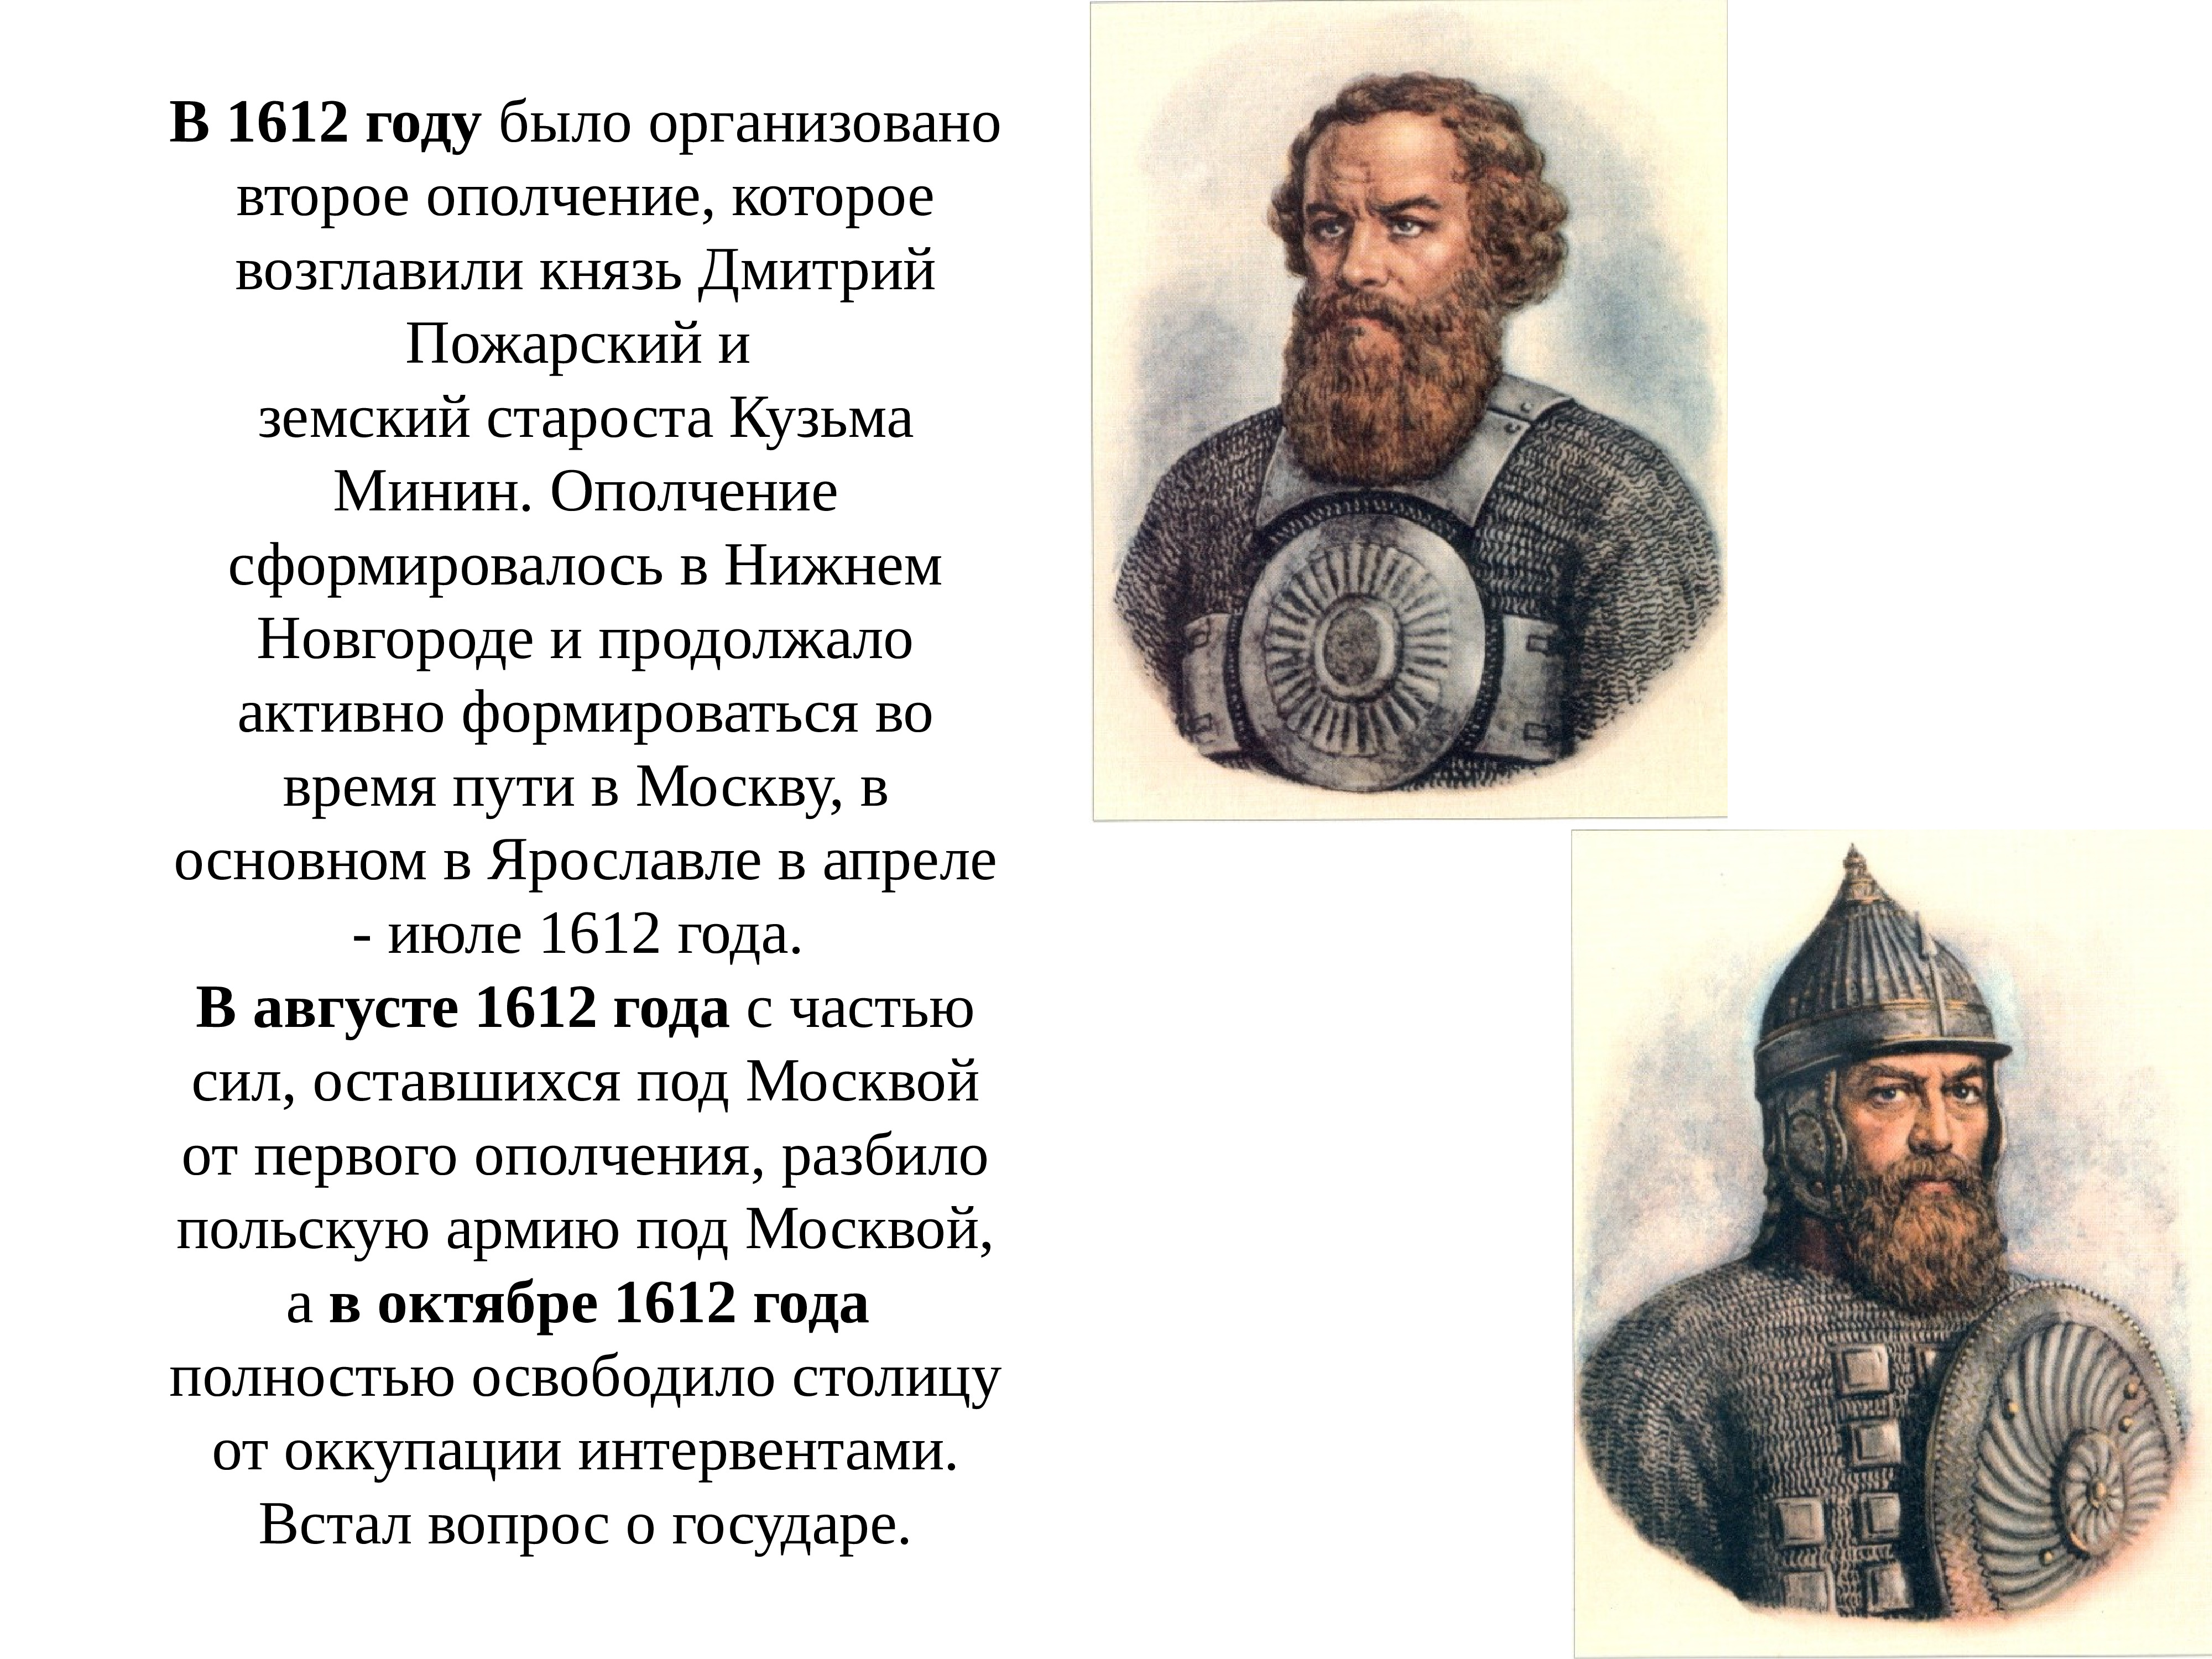 1612 году князь. Ополчение 1612 года Минин и Пожарский. 1612 Год Минин и Пожарский кратко.
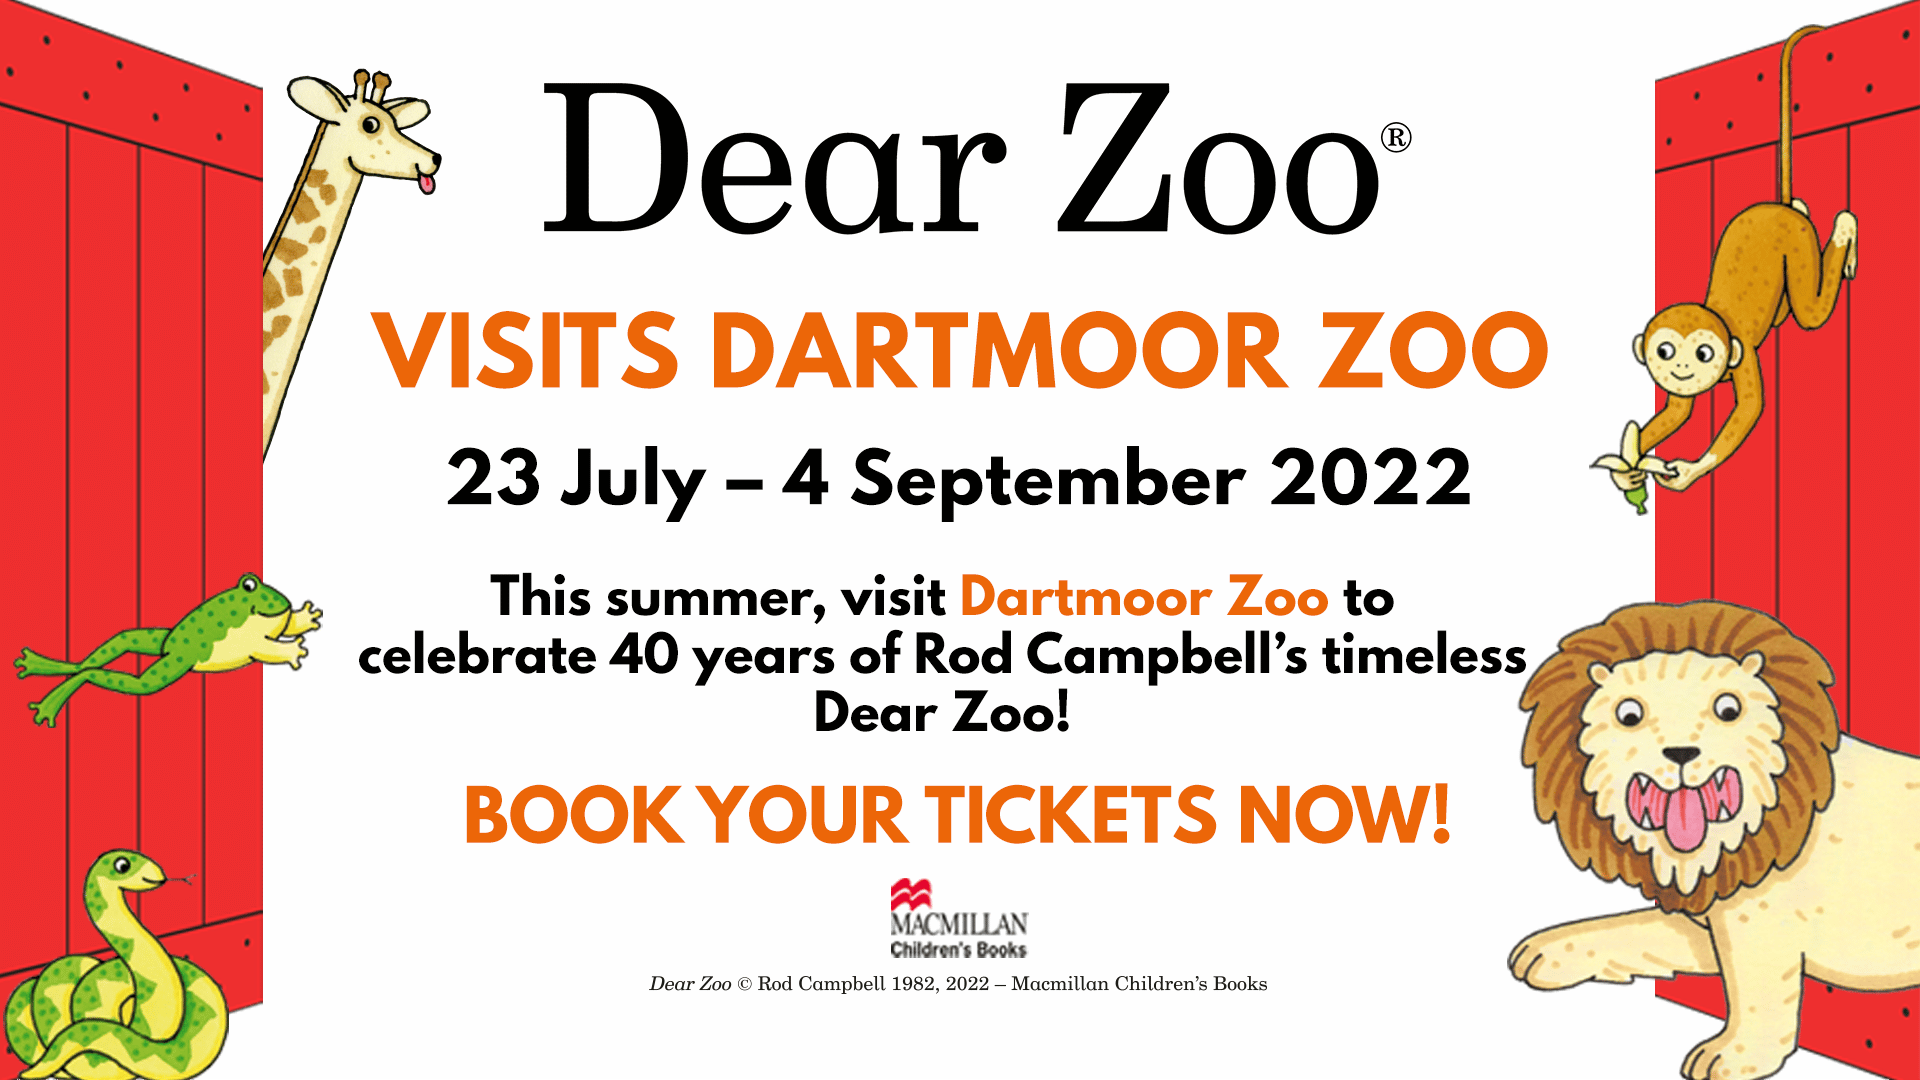 Dear Zoo® visits Dartmoor Zoo! - Dartmoor Zoo
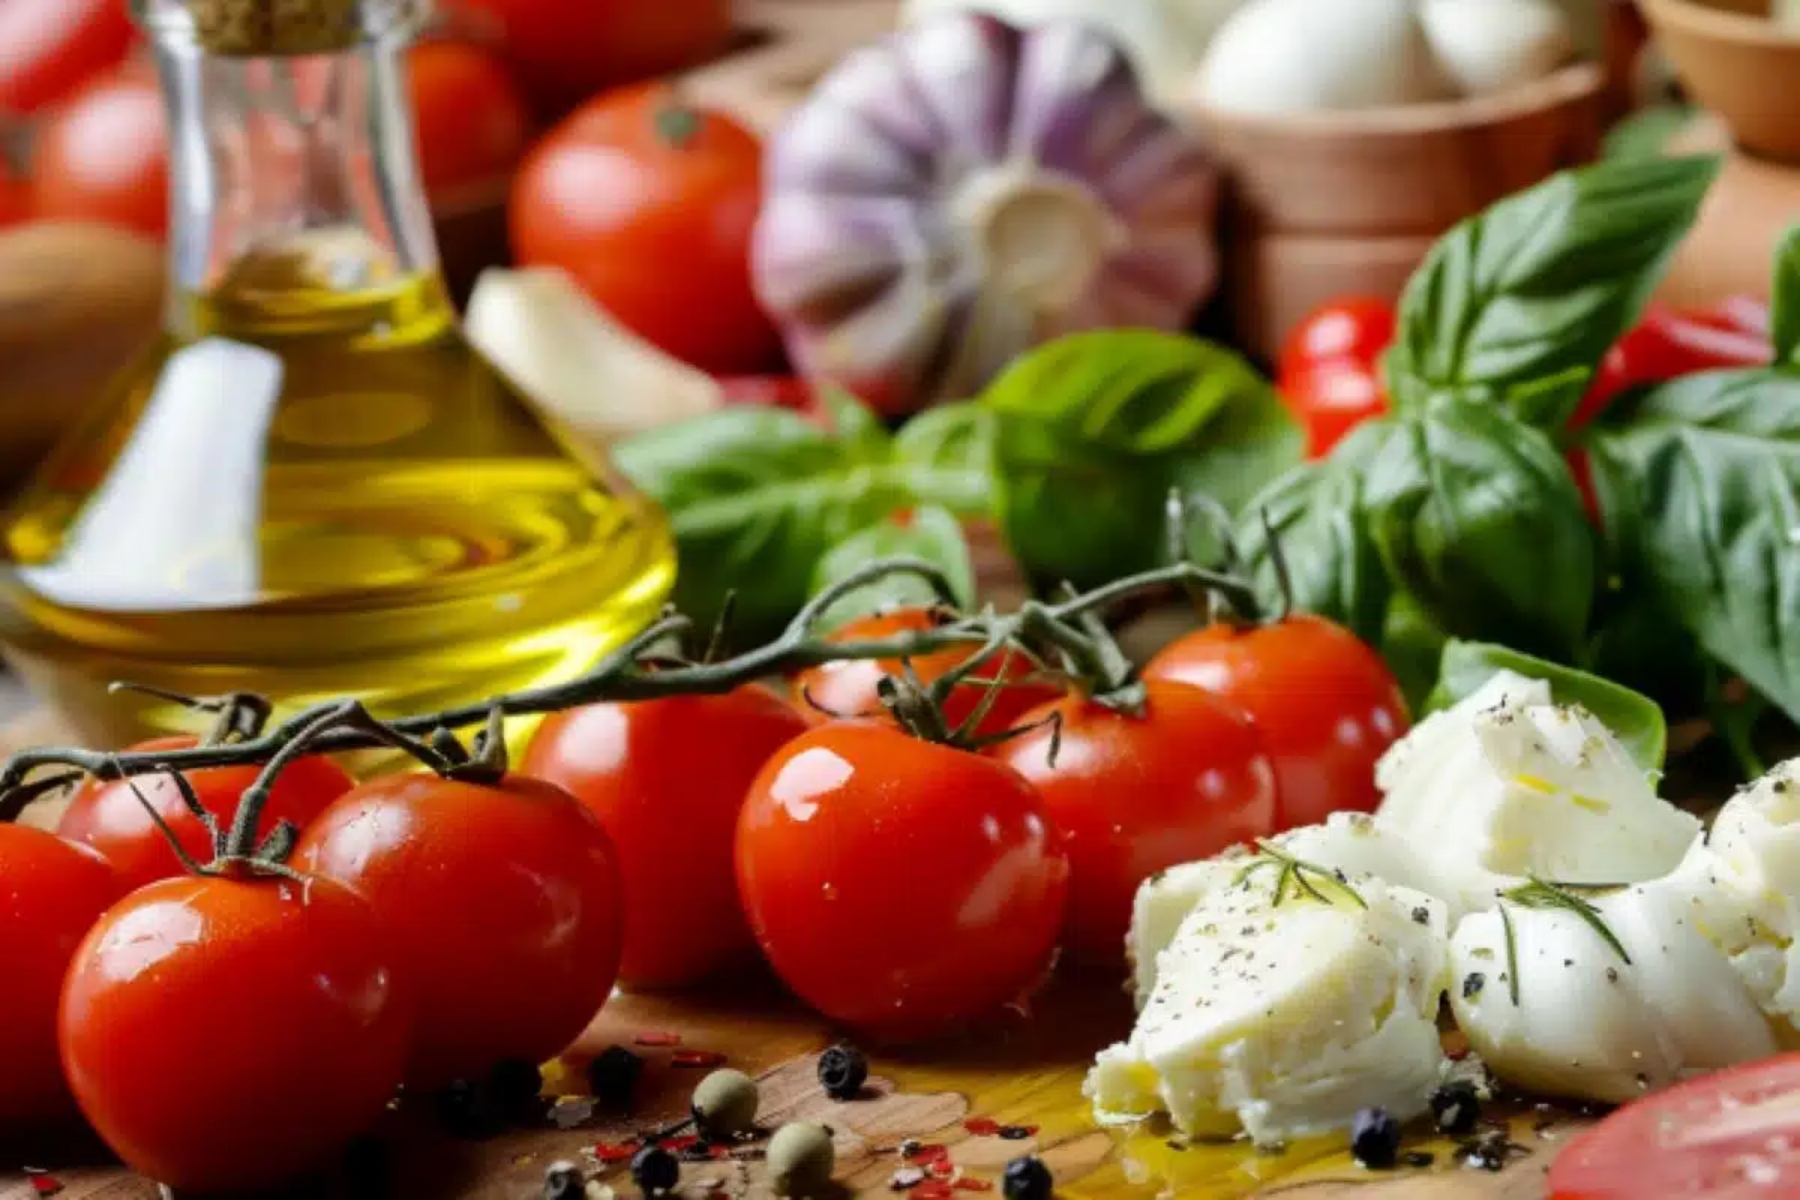 Μεσογειακή διατροφή: Πράγματι μειώνει τον κίνδυνο θνησιμότητας κατά 23% στις γυναίκες;

## THE TASK
Pictures are not part of the copy. Please reproduce the material word for word.

## SOLUTION
 1612 году князь. Ополчение 1612 года Минин и Пожарский. 1612 Год Минин и Пожарский кратко.
 Dear Zoo® visits Dartmoor Zoo! - Dartmoor Zoo
 Μεσογειακή διατροφή: Πράγματι μειώνει τον κίνδυνο θνησιμότητας κατά 23% στις γυναίκες;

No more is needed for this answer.